Nothing
#' @title Convert a survey design object to a random-groups jackknife design
#' @description
#' Forms a specified number of jackknife replicates
#' based on grouping primary sampling units (PSUs)
#' into random, (approximately) equal-sized groups.
#' @section Formation of Random Groups:
#' Within each value of \code{VAR_STRAT},
#' the data are sorted by first-stage sampling strata,
#' and then the PSUs in each stratum are randomly arranged.
#' Groups are then formed by serially placing PSUs
#' into each group.
#' The first PSU in the \code{VAR_STRAT} is placed into the first group,
#' the second PSU into the second group, and so on.
#' Once a PSU has been assigned to the last group,
#' the process begins again by assigning the next PSU to the first group,
#' the PSU after that to the second group, and so on.
#'
#'
#' The random group that each observation is assigned to
#' can be saved as a variable in the data
#' by using the function argument \code{group_var_name}.
#' @param design A survey design object created using the 'survey' (or 'srvyr') package,
#' with class \code{'survey.design'} or \code{'svyimputationList'}.
#' @param replicates The number of replicates to create
#' for each variance stratum. The total number of replicates
#' created is the number of variance strata times \code{replicates}.
#' Every design stratum must have at least as many primary sampling units (PSUs),
#' as \code{replicates}.
#' @param adj_method Specifies how to calculate the
#' replicate weight adjustment factor.
#' Available options for \code{adj_method} include:
#' \itemize{
#' \item \code{"variance-stratum-psus"} (the default) \cr
#' The replicate weight adjustment for a unit
#' is based on the number of PSUs in its variance stratum.
#' \item \code{"variance-units"} \cr
#' The replicate weight adjustment for a unit
#' is based on the number of variance units
#' in its variance stratum.
#' }
#' See the section "Adjustment and Scale Methods" for details.
#' @param scale_method Specifies how to calculate the
#' scale factor for each replicate.
#' Available options for \code{scale_method} include:
#' \itemize{
#' \item \code{"variance-stratum-psus"} \cr
#' The scale factor for a variance unit
#' is based on its number of PSUs compared
#' to the number of PSUs in its variance stratum.
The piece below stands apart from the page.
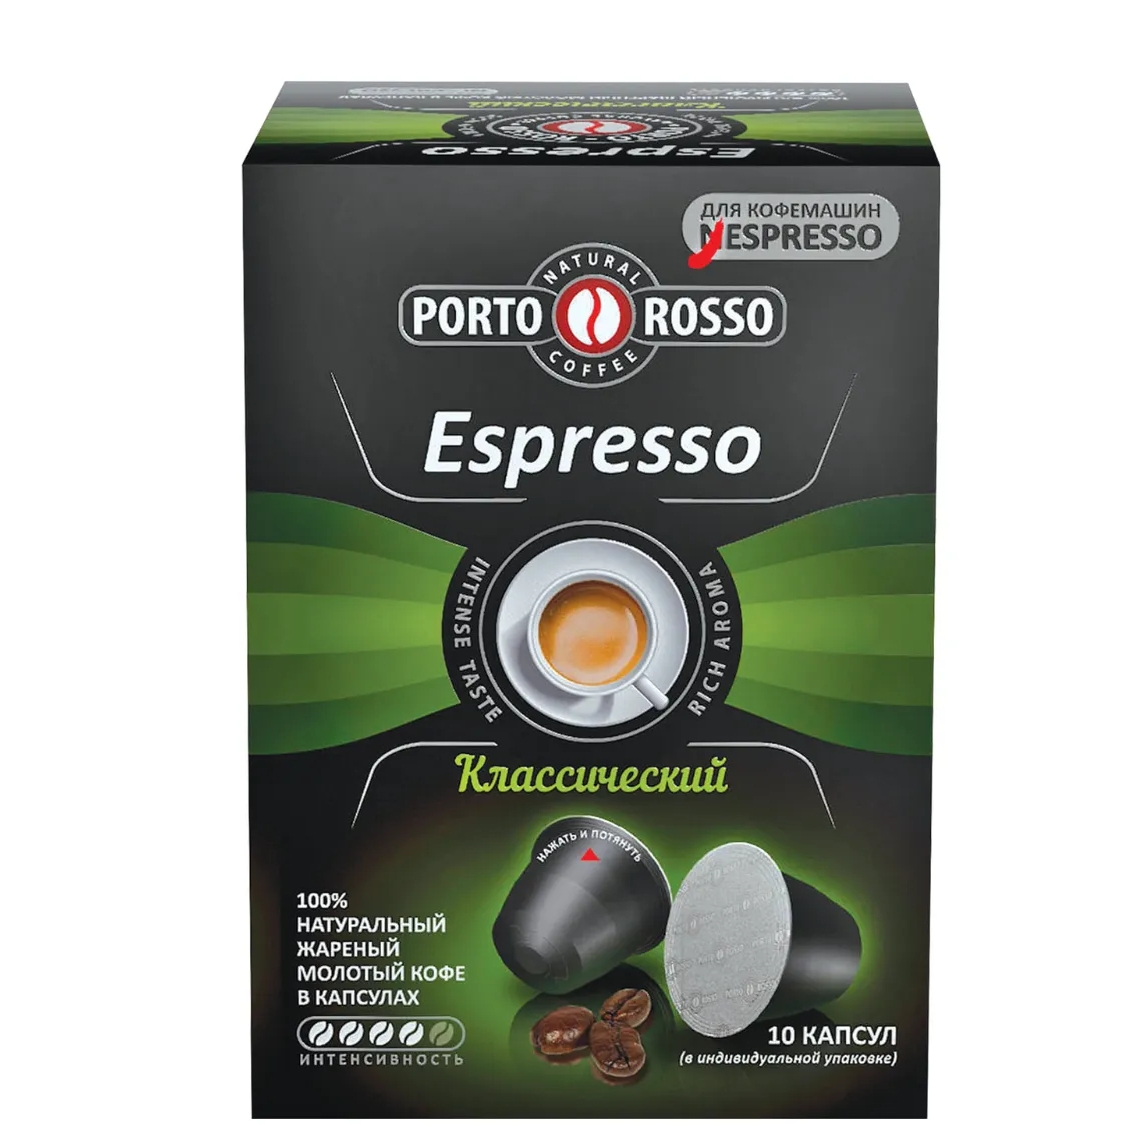 Кофе в капсулах Porto Rosso Espresso Классический, 10х5 г кофе в капсулах l or espresso lungo estremo 10 x 52 г

#' \item \code{"variance-units"} \cr
#' The scale factor for a variance unit is
#' based on the number of variance units in
#' its variance stratum.
#' }
#' See the section "Adjustment and Scale Methods" for details.
#' @param var_strat Specifies the name of a variable
#' in the data that defines variance strata to use
#' for the grouped jackknife. If \code{var_strat = NULL},
#' then there is effectively only one variance stratum.
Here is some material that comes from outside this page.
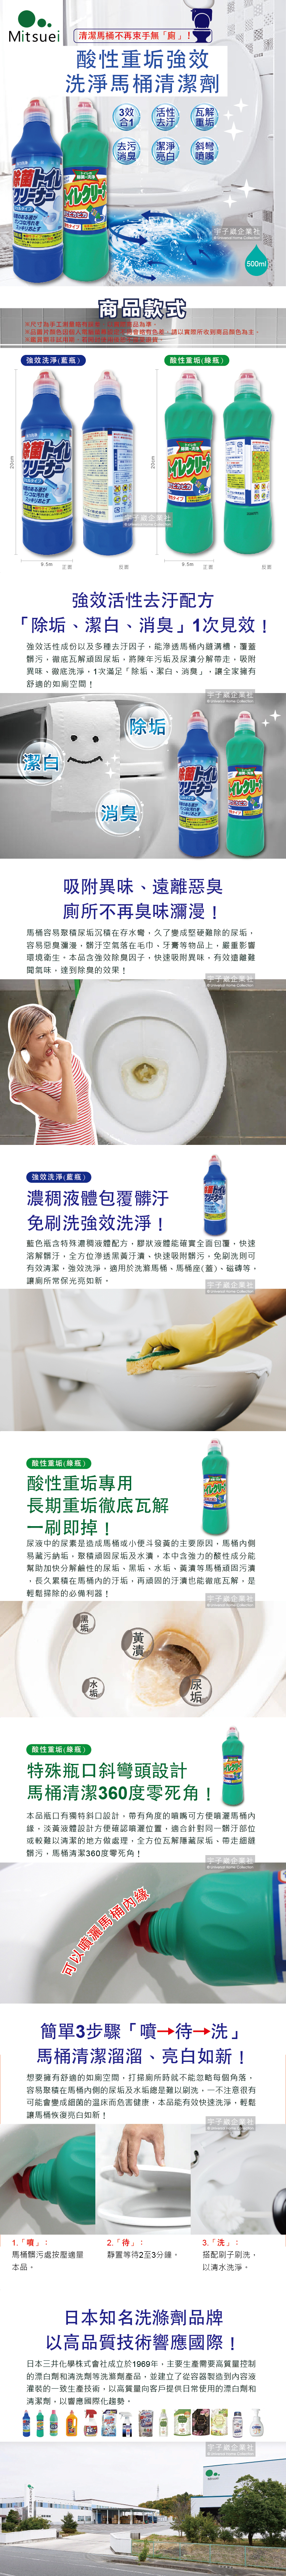 日本MITSUEI美淨易-酸性重垢強效洗淨馬桶清潔劑介紹圖

#' @param var_strat_frac Specifies the sampling fraction
#' to use for finite population corrections in each
#' value of \code{var_strat}. Can use either a single number
#' or a variable in the data corresponding to \code{var_strat}.
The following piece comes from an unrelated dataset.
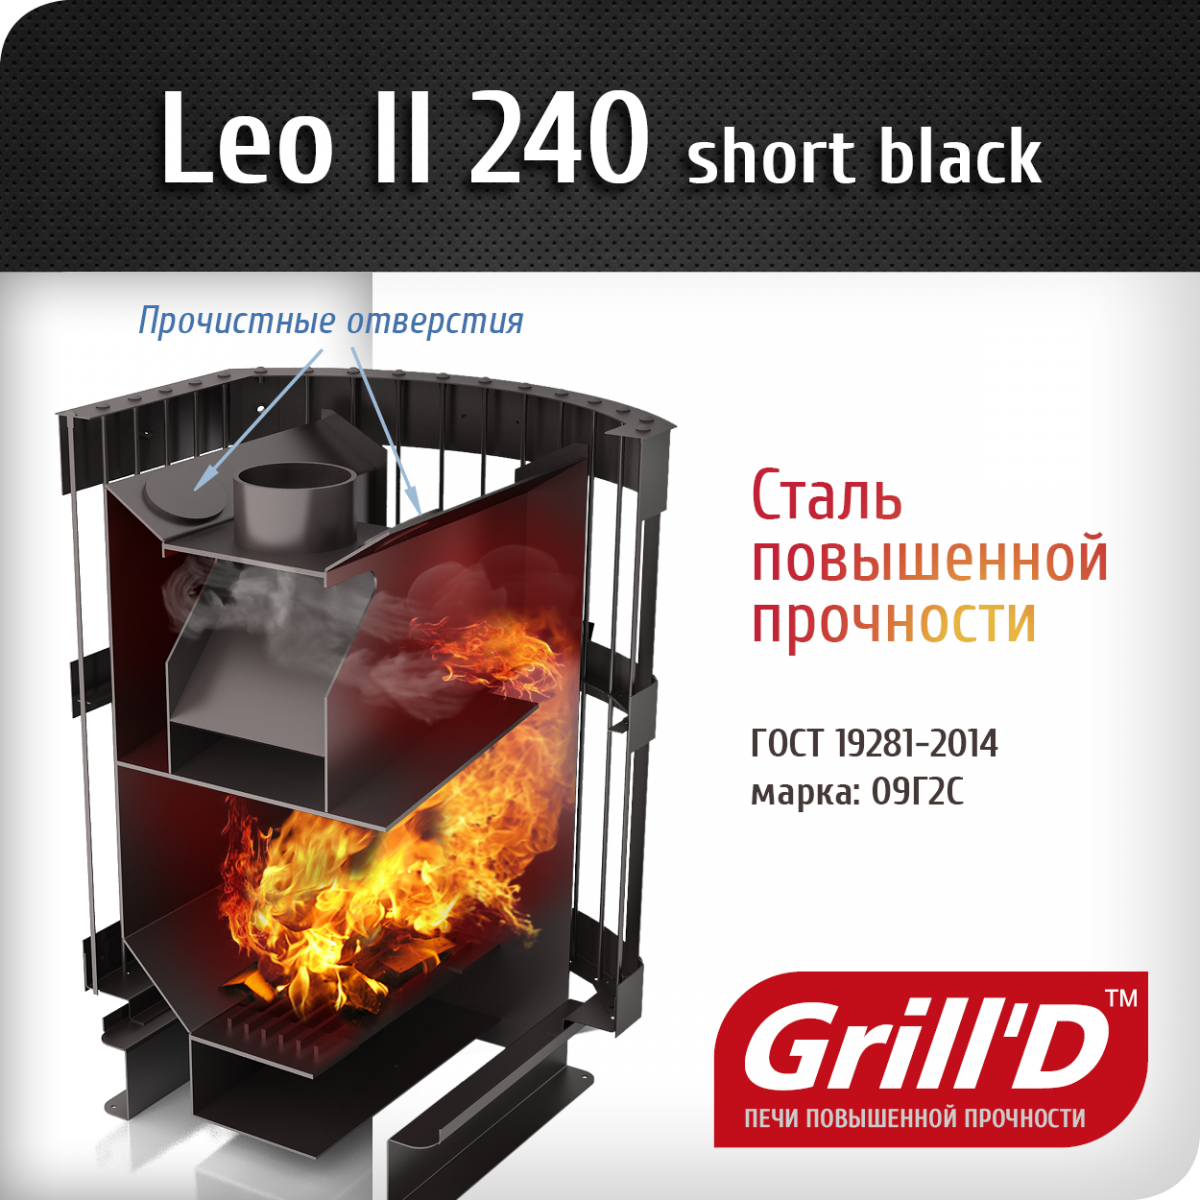 Фото товара Банная печь Grill'D Leo II 240 Short black. Изображение №2

#' @param sort_var (Optional) Specifies the name of a variable
#' in the data which should be used to sort the data before
#' assigning random groups. If a variable is specified for
#' \code{var_strat}, the sorting will happen within values of
#' that variable.
#' @param group_var_name (Optional) The name of a new variable created to save
#' identifiers for which random group each PSU was grouped into
#' for the purpose of forming replicates.
#' Specify \code{group_var_name = NULL} to avoid creating the variable in the data.
#' @param compress Use a compressed representation of the replicate weights matrix.
#' This reduces the computer memory required to represent the replicate weights and has no
#' impact on estimates.
#' @param mse If \code{TRUE}, compute variances from sums of squares around the point estimate from the full-sample weights,
#' If \code{FALSE}, compute variances from sums of squares around the mean estimate from the replicate weights.
#'
#' @return
#' A replicate design object, with class \code{svyrep.design}, which can be used with the usual functions,
#' such as \code{svymean()} or \code{svyglm()}.
#'
#' Use \code{weights(..., type = 'analysis')} to extract the matrix of replicate weights. \cr
#' Use \code{as_data_frame_with_weights()} to convert the design object to a data frame with columns
#' for the full-sample and replicate weights.
#' @section Adjustment and Scale Methods:
#'
#' The jackknife replication variance estimator based on \eqn{R} replicates takes the following form:
#' \deqn{
#' v(\hat{\theta}) = \sum_{r=1}^{R} (1 - f_r) \times c_r \times \left(\hat{\theta}_r - \hat{\theta}\right)^2
#' }
#' where \eqn{r} indexes one of the \eqn{R} sets of replicate weights,
#' \eqn{c_r} is a corresponding scale factor for the \eqn{r}-th replicate,
#' and \eqn{1 - f_r} is an optional finite population correction factor
#' that can potentially differ across variance strata.
#'
#' To form the replicate weights, the PSUs are divided into \eqn{\tilde{H}} variance strata,
#' and the \eqn{\tilde{h}}-th variance stratum contains \eqn{G_{\tilde{h}}}
#' random groups. The number of replicates \eqn{R} equals the total number
#' of random groups across all variance strata:
#' \eqn{R = \sum_{\tilde{h}}^{\tilde{H}} G_{\tilde{h}}}. In other words,
#' each replicate corresponds to one of the random groups from one of the variance strata.
#'
#' The weights for replicate \eqn{r} corresponding to random group \eqn{g} within
#' variance stratum \eqn{\tilde{h}} is defined as follows.
#'
#' If case \eqn{i}
#' is not in variance stratum \eqn{\tilde{h}}, then \eqn{w_{i}^{(r)} = w_i}.
#'
#' If case \eqn{i} is in variance stratum \eqn{\tilde{h}} but in random group \eqn{g},
#' then \eqn{w_{i}^{(r)} = a_{\tilde{h}g} w_i}.
#'
#' Otherwise, if case \eqn{i} is in
#' in random group \eqn{g} of variance stratum \eqn{\tilde{h}}, then \eqn{w_{i}^{(r)} = 0}.
#'
#' The R function argument \code{adj_method} determines how
#' the adjustment factor \eqn{a_{\tilde{h} g}} is calculated.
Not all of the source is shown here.